First he insults Herod, calling him a fox—which is to say

that Herod is sly, unprincipled, devious, and viciously destructive.

Then, in sending these Pharisees with a direct message for Herod,

Jesus accuses them of being in Herod’s circle, or close enough at least

to have access to this brutal tetrarch, who rules over Galilee.

 

“I must be on my way,” he says.

Jesus will not let Herod’s threats deter him, even though

he knows Herod imprisons and kills those who stand up to him.

This is the Herod who beheaded John the Baptist.

“I must be on my way,” Jesus says.

He will not end his mission, even though rulers like Herod

extinguish the lives of those who

disagree with him or dare to tell the truth about their exploits.

I must be on my way.  

Jesus proclaims he will continue his father’s work,

even though the crushing power of imperialism threatens him.

I will tell you that it is hard to write a sermon this week

without drawing parallels between this story

and what is happening in Ukraine.

I know full well Zelensky is not Jesus, but he is Jewish like Jesus.

Zelensky is not Jesus, but he is politically weaker than his opponent and

he leads a motley crew of brave followers.

I know full well Putin is not Herod, but he is brutal,

living in a castle far away from the misery he is inflicting upon others.

He lies; he is vicious and destructive, and for what? all

for his own personal legacy, like Herod Antipas and his father Herod the Great.

I can even picture President Zelensky, courageously saying,

go and tell that fox for me, I must be on my way.

 

The gospel, of course, leads us in a different direction.

Jesus takes this moment to draw two divergent pictures for us.

One is of a fox and the other a hen.  

Jerusalem, Jerusalem, the city that kills the prophets and stones those who are sent to it!
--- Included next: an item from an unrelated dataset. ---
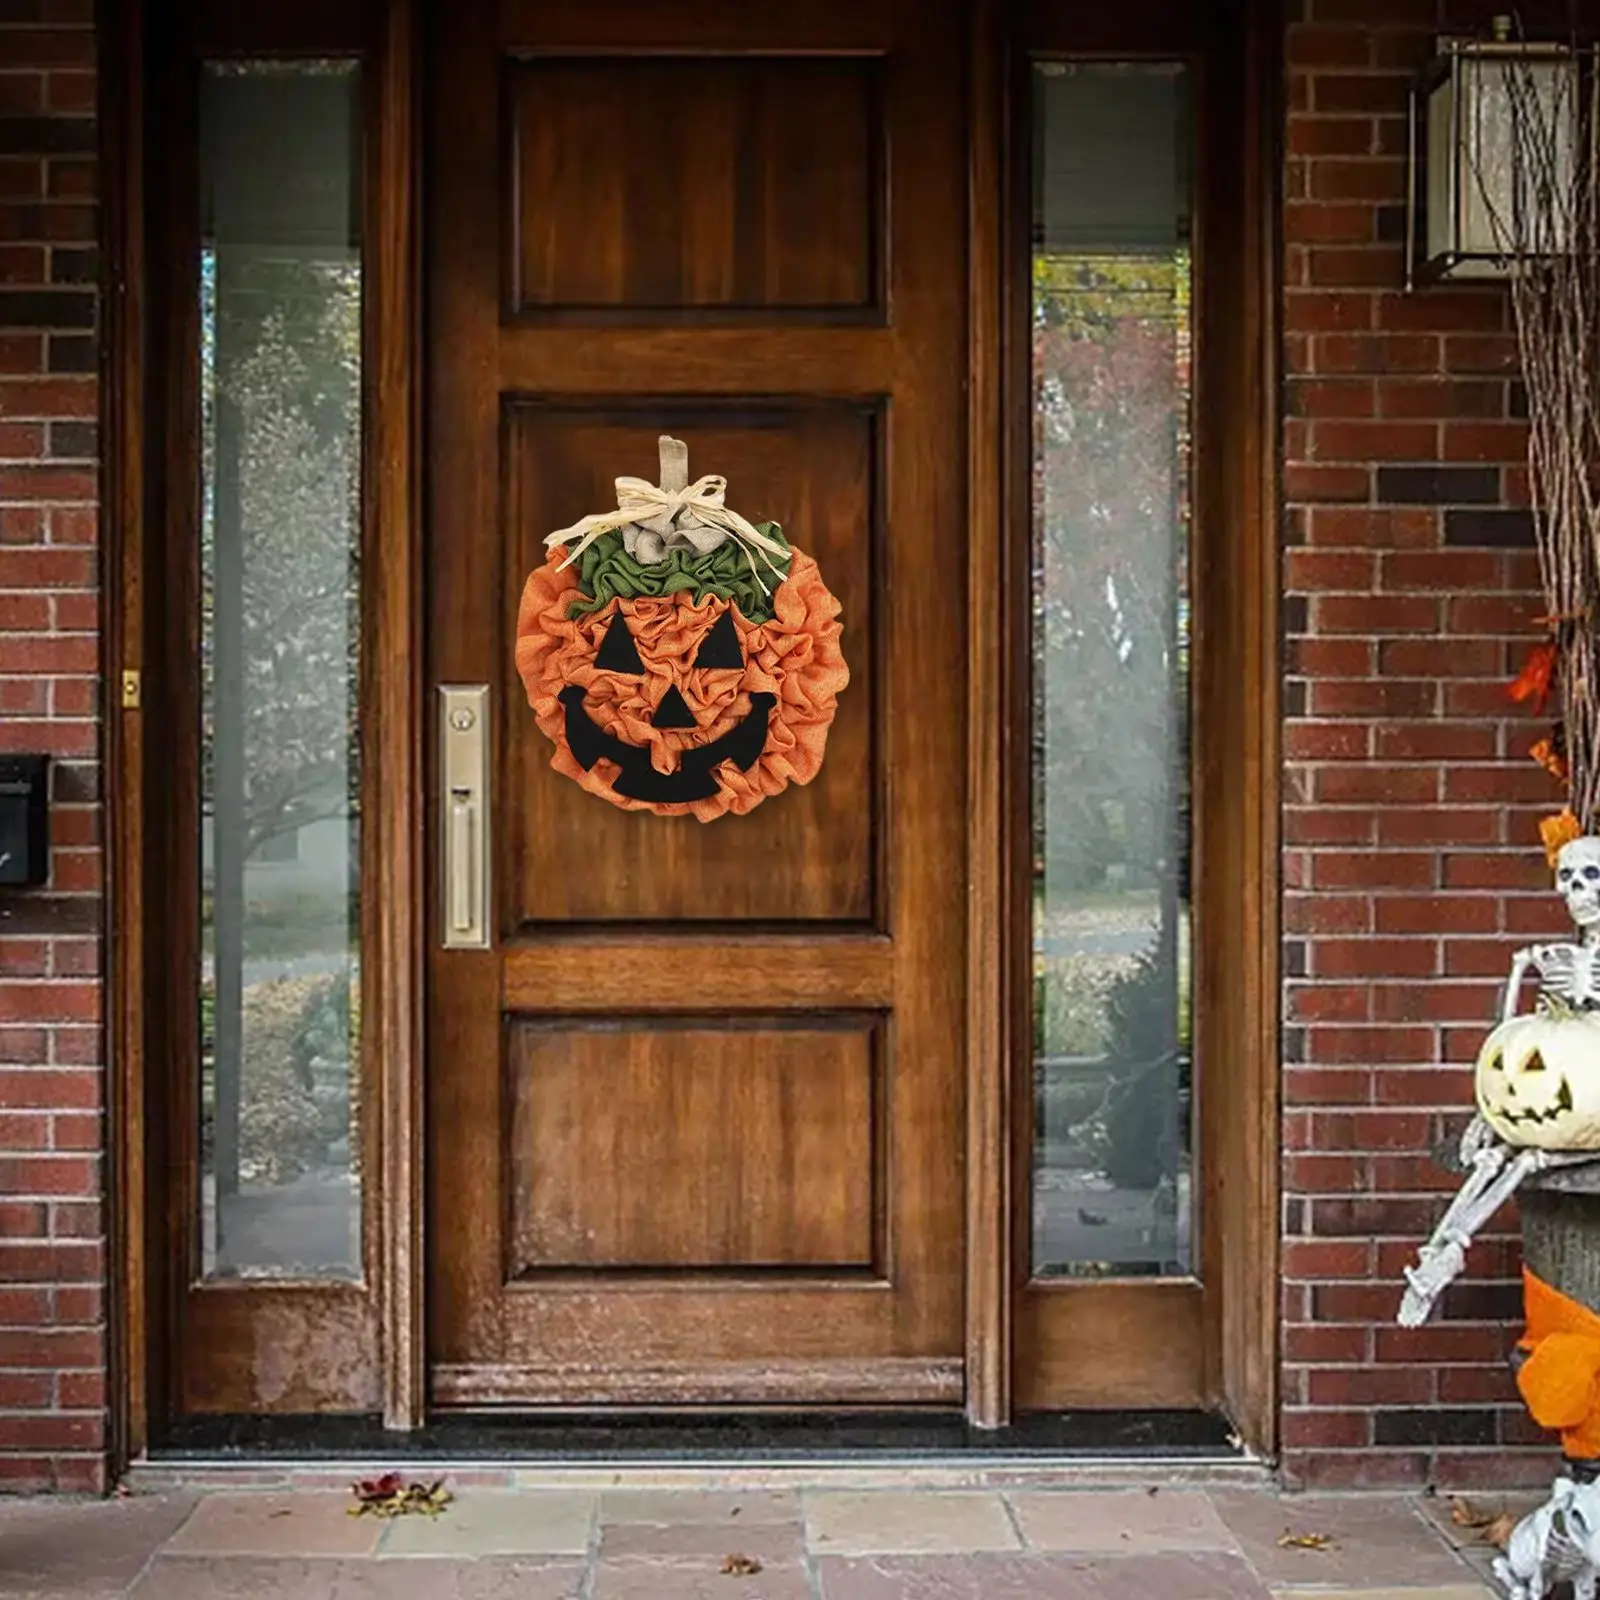 Halloween Pumpkin Door Hanging Wreath Decorations Sturdy Multipurpose Burlap Material 12inch for Autumn Harvest Thanksgiving

How often have I desired to gather your children together as a hen gathers her brood under her wings.

 

The contrast is stark.

The cunning fox, hunting and destroying with his teeth, is Herod.

The vulnerable hen, gathering and comforting her chicks under her wings,

is Jesus, or God.  

 

The bible offers us hundreds of metaphors for God.

We pick and choose our favorites: shepherd, rock, king, father, light,

and we make beautiful stained-glass windows with them.

We create powerful and beautiful lyrics with these images for our hymns, too.

I wonder about all those other images.

I’m not advocating for a stained-glass window depicting Jesus as a chicken,

but I am certain he chose this image for our instruction.

A couple of years ago, our Wednesday group studied the book Wearing God,

written by a theologian at Duke University named Lauren Winner.

She was intrigued by the obscure images in the bible:

God as a beekeeper, as a Friend, as Clothing,

which is how her book, Wearing God, got its title.

 

The images of God we hold in our minds, she teaches,

influence how we understand God, how we relate to God.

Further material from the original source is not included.